6.5 The Table 2 fallacy

In many observational studies, researchers report a “Table 2” containing adjusted regression coefficients for all covariates included in the model. The Table 2 fallacy occurs when researchers interpret the coefficients for covariates (which were included purely for confounding adjustment) as if they represent causal effects.

Here’s the problem: each covariate that you want to interpret as having a causal effect requires its own causal analysis. You must ask: “What is the adjustment set needed to identify the causal effect of this covariate?” You need a DAG for that covariate as a treatment, with its own set of confounders and mediators. Simply including a variable as a covariate in a regression does not make its coefficient a valid causal estimate.

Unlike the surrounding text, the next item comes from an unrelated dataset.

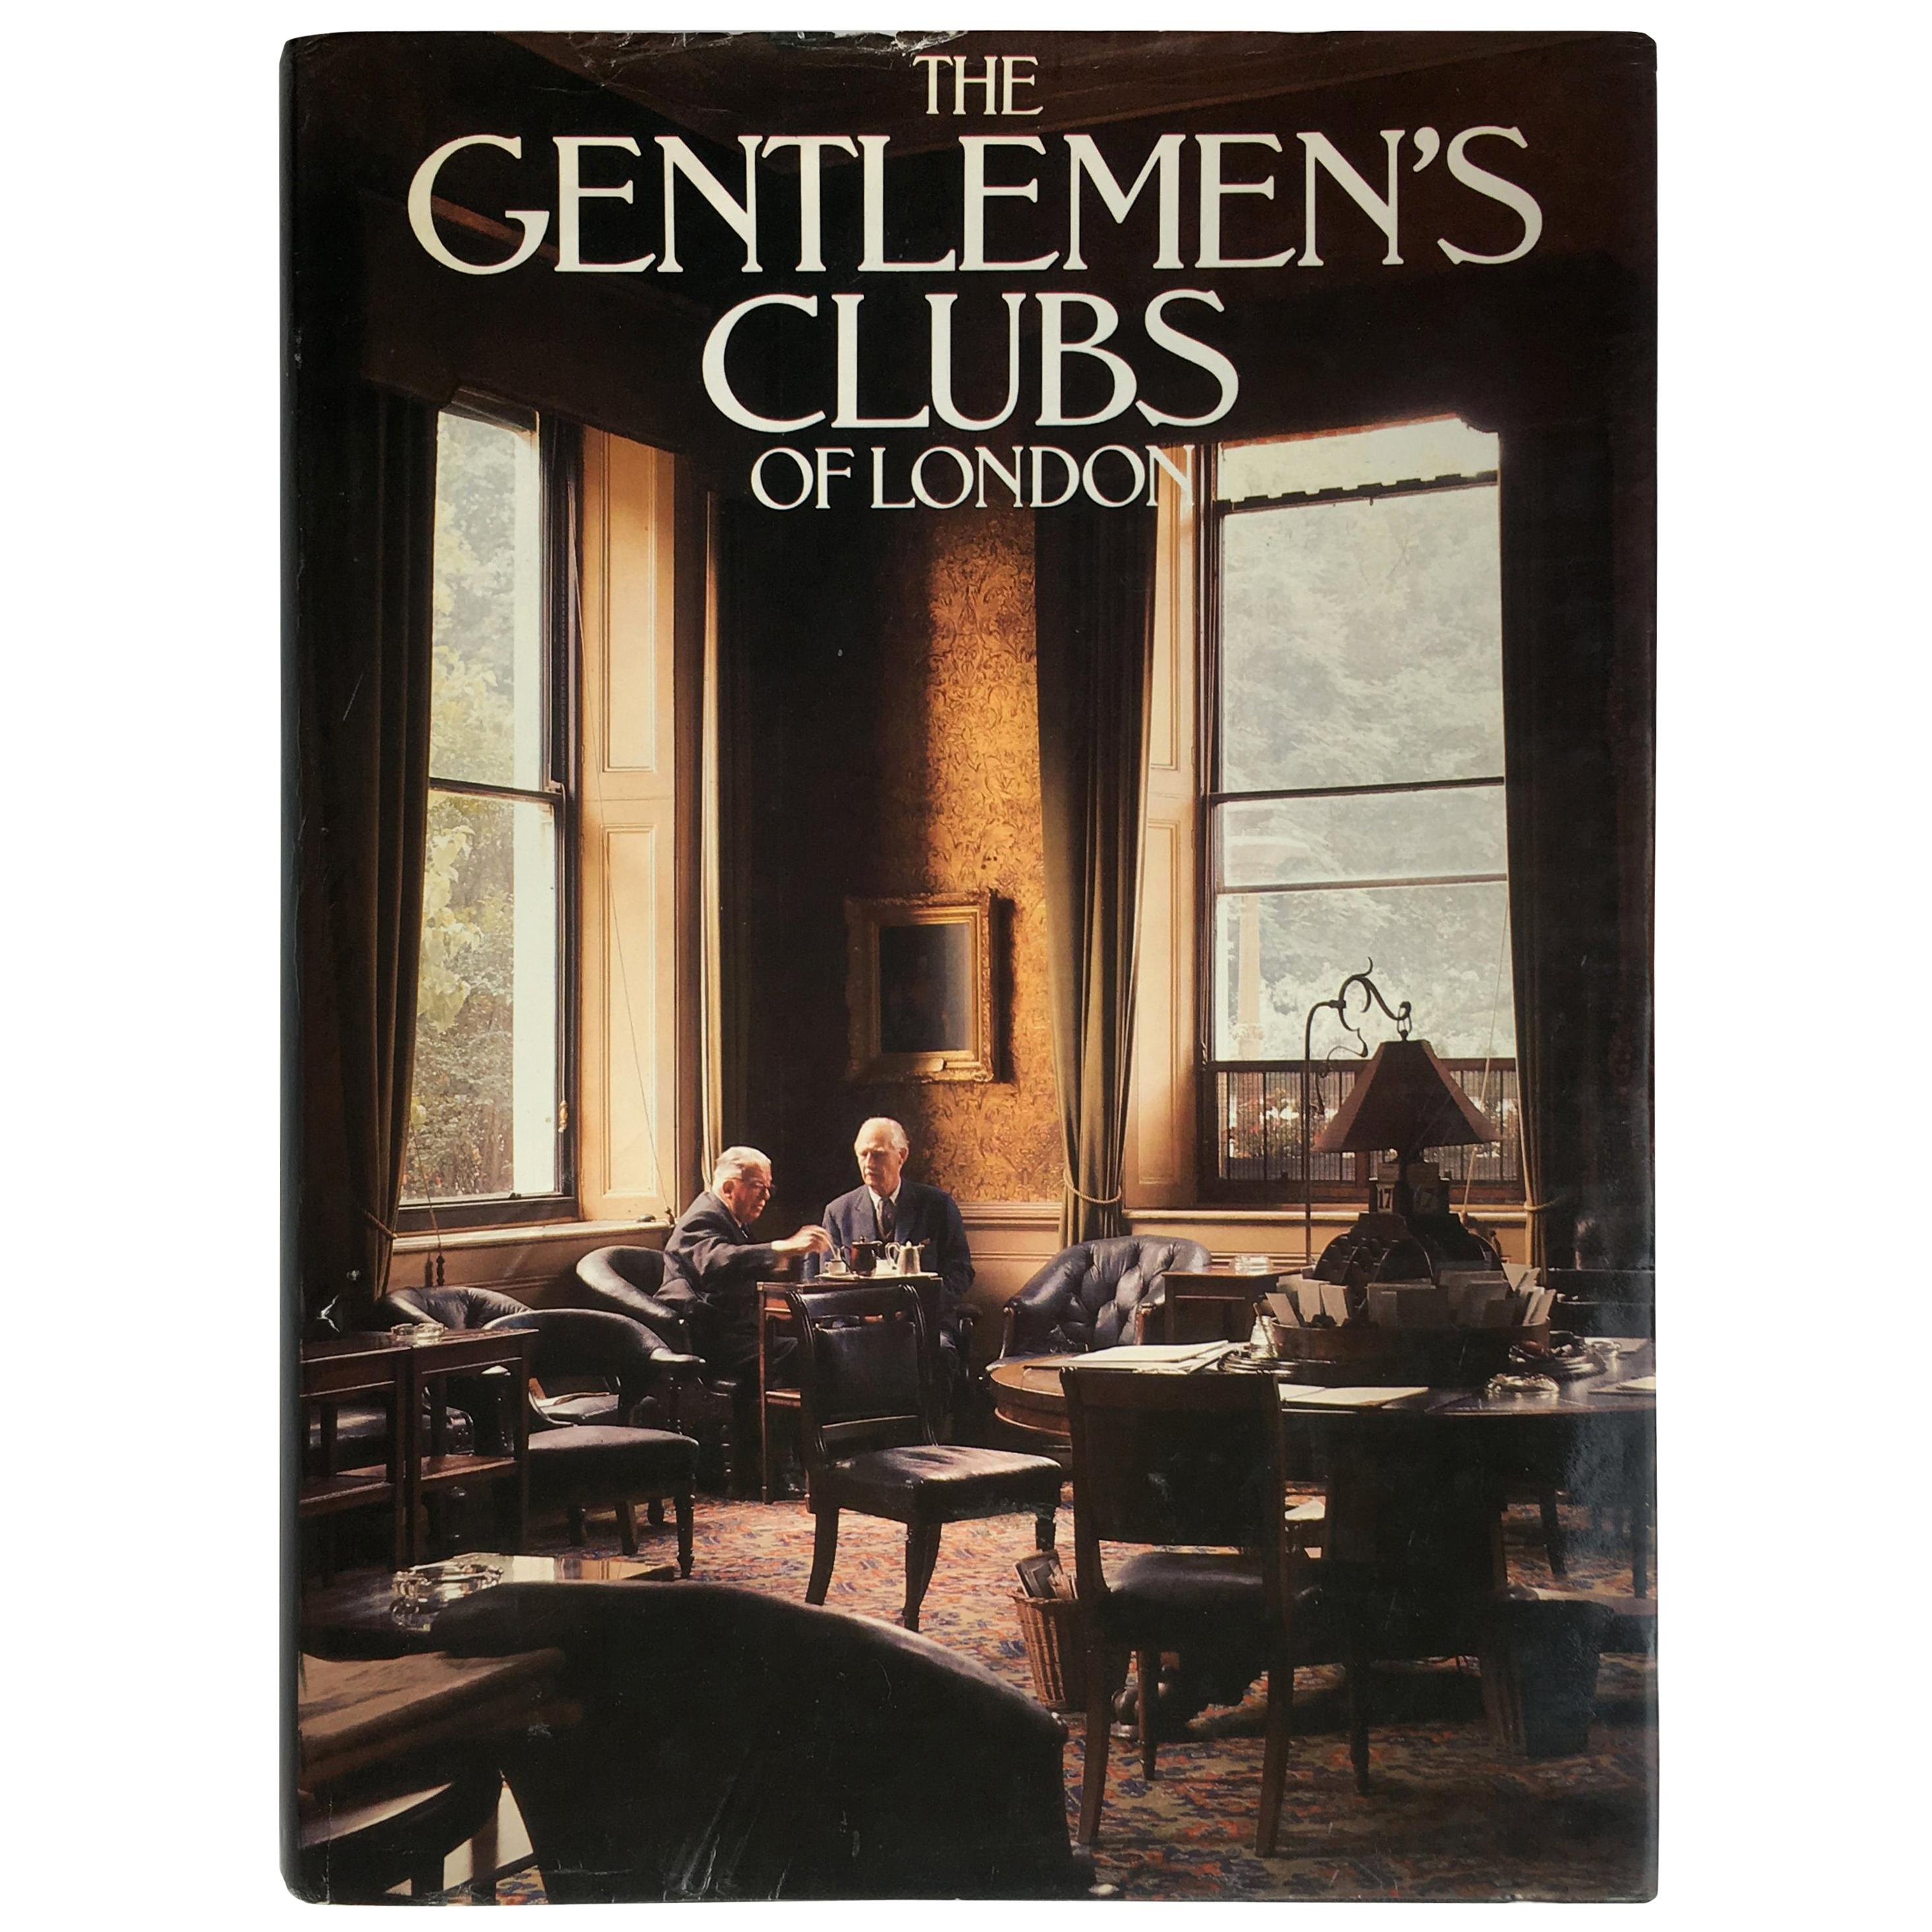 The Gentleman’s Clubs of London, Anthony Lejeune & Malcolm Lewis Book

Example: Suppose you are studying the effect of an antihypertensive medication on mortality, adjusted for baseline blood pressure, age, and other factors. You report the coefficient for baseline blood pressure and interpret it as “a 10 mmHg increase in baseline blood pressure causes a X% increase in mortality.” This is a fallacy. Baseline blood pressure is a confounder (or possibly a risk factor), not a treatment. Its coefficient is an adjusted association, not a causal effect. To estimate the causal effect of blood pressure reduction through any mechanism, you would need to identify appropriate confounders for that analysis — which is a different problem entirely.

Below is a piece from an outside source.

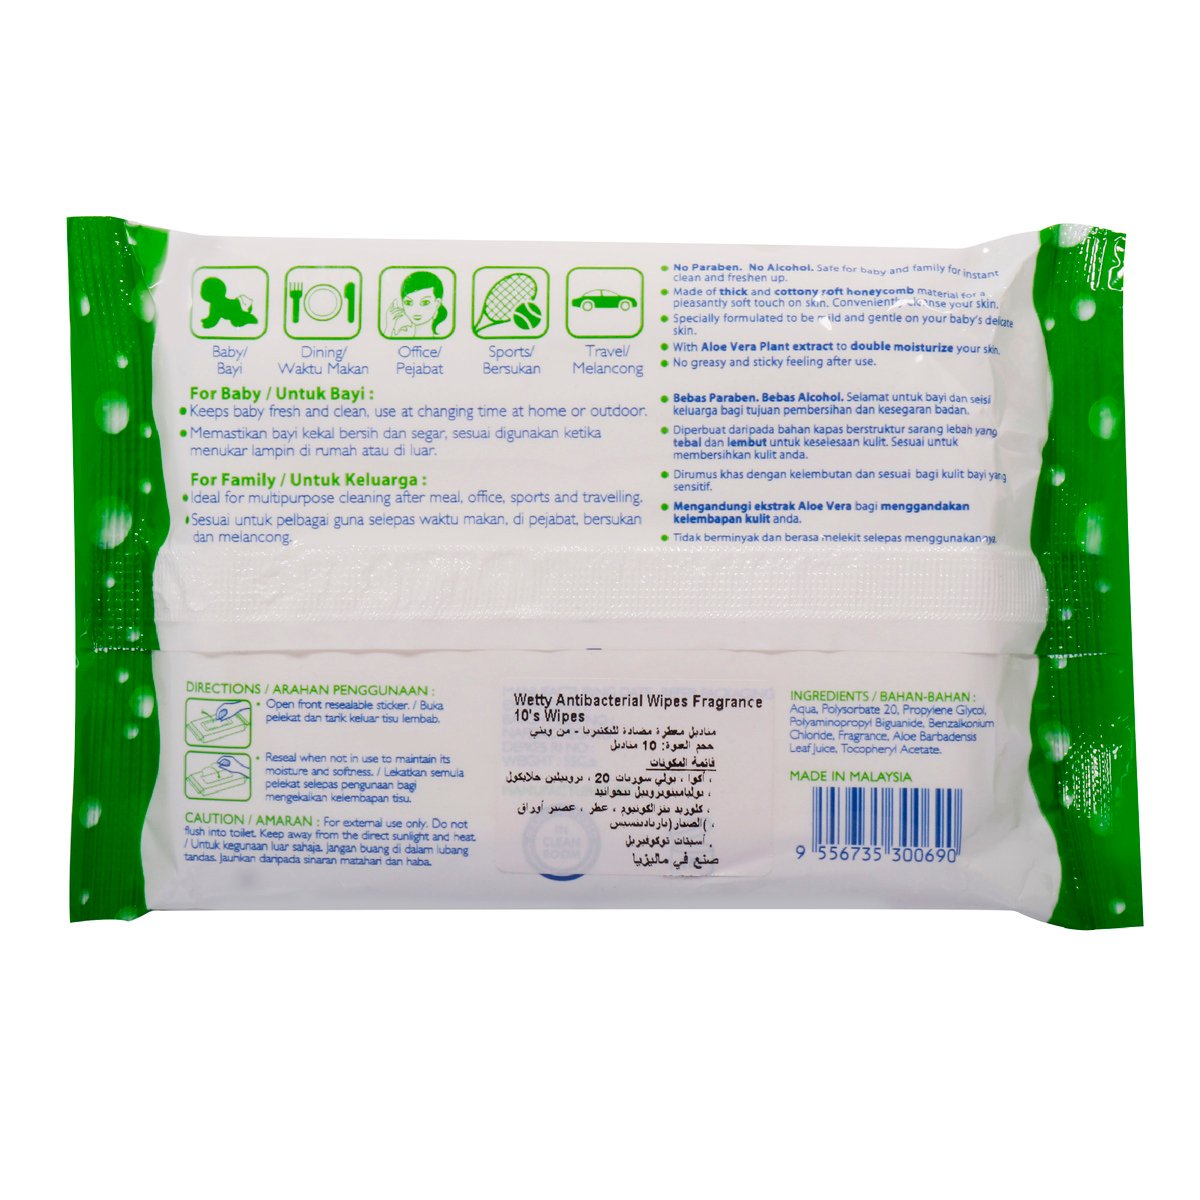 Wetty Anti-Bacterial Wipes With Fragrance 10pcs

The lesson: Report adjusted associations for covariates if you must, but do not interpret them as causal effects. If a covariate’s causal effect is scientifically important, conduct a separate causal analysis for it.

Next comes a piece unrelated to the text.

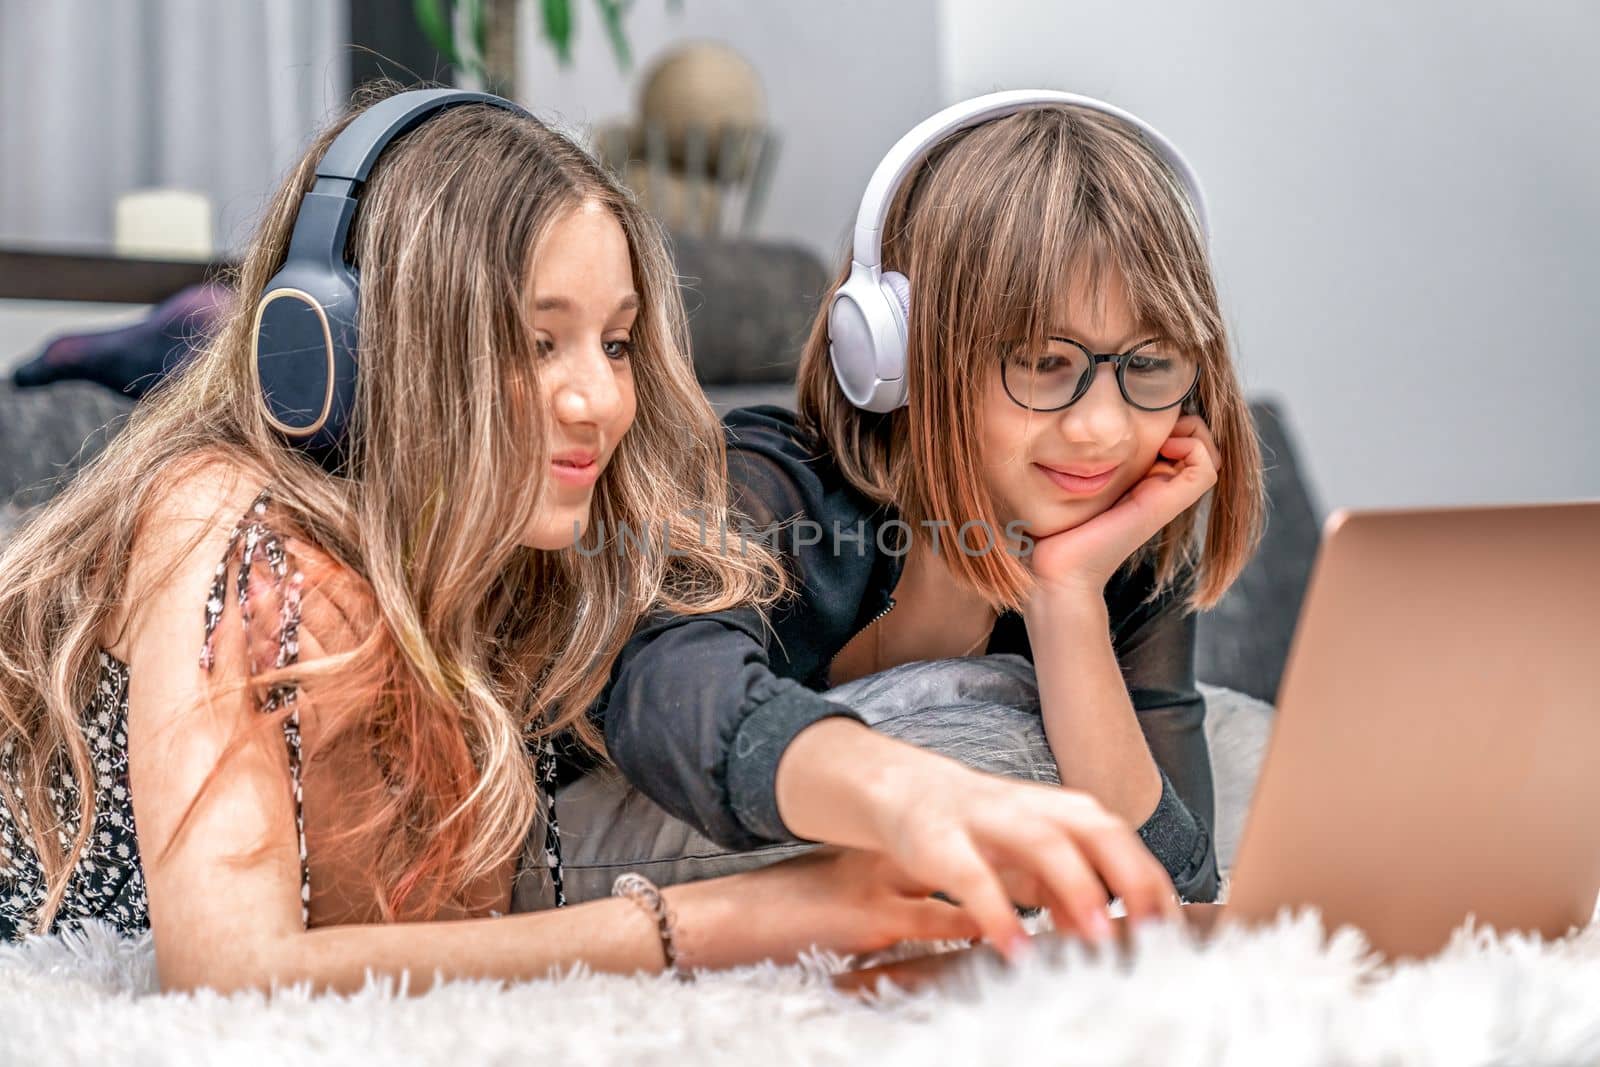 children with wireless headphones on their heads enjoy internet entertainment online on a laptop at home. High quality photo

6.6 Checklist Item 6: Could the effect differ across subgroups?

As you design and evaluate a causal study, ask these critical questions:

Was effect modification examined? Did the analysis investigate whether the treatment effect differs across subgroups or covariate levels?
Were subgroups pre-specified or post-hoc? Pre-specified subgroups (defined in a protocol or analysis plan before seeing the data) are far more credible than subgroups chosen after observing the data.
Was the interaction tested directly? Was there a formal test of interaction (e.g., an interaction term in regression), or only within-subgroup significance tests?
Are heterogeneous effects plausible given domain knowledge? Does the effect modification make biological, clinical, or policy sense? Or is it a statistical artifact?
Could the overall ATE be masking important subgroup differences? An ATE near zero or near the average does not rule out substantial heterogeneity. Always inspect subgroup-specific estimates.
Were multiple testing corrections applied if many subgroups were examined? If you tested dozens of subgroups, at least a few will appear significant by chance.

Addressing these questions in your study report — even briefly — demonstrates rigorous thinking about effect heterogeneity and strengthens the credibility of your causal claims.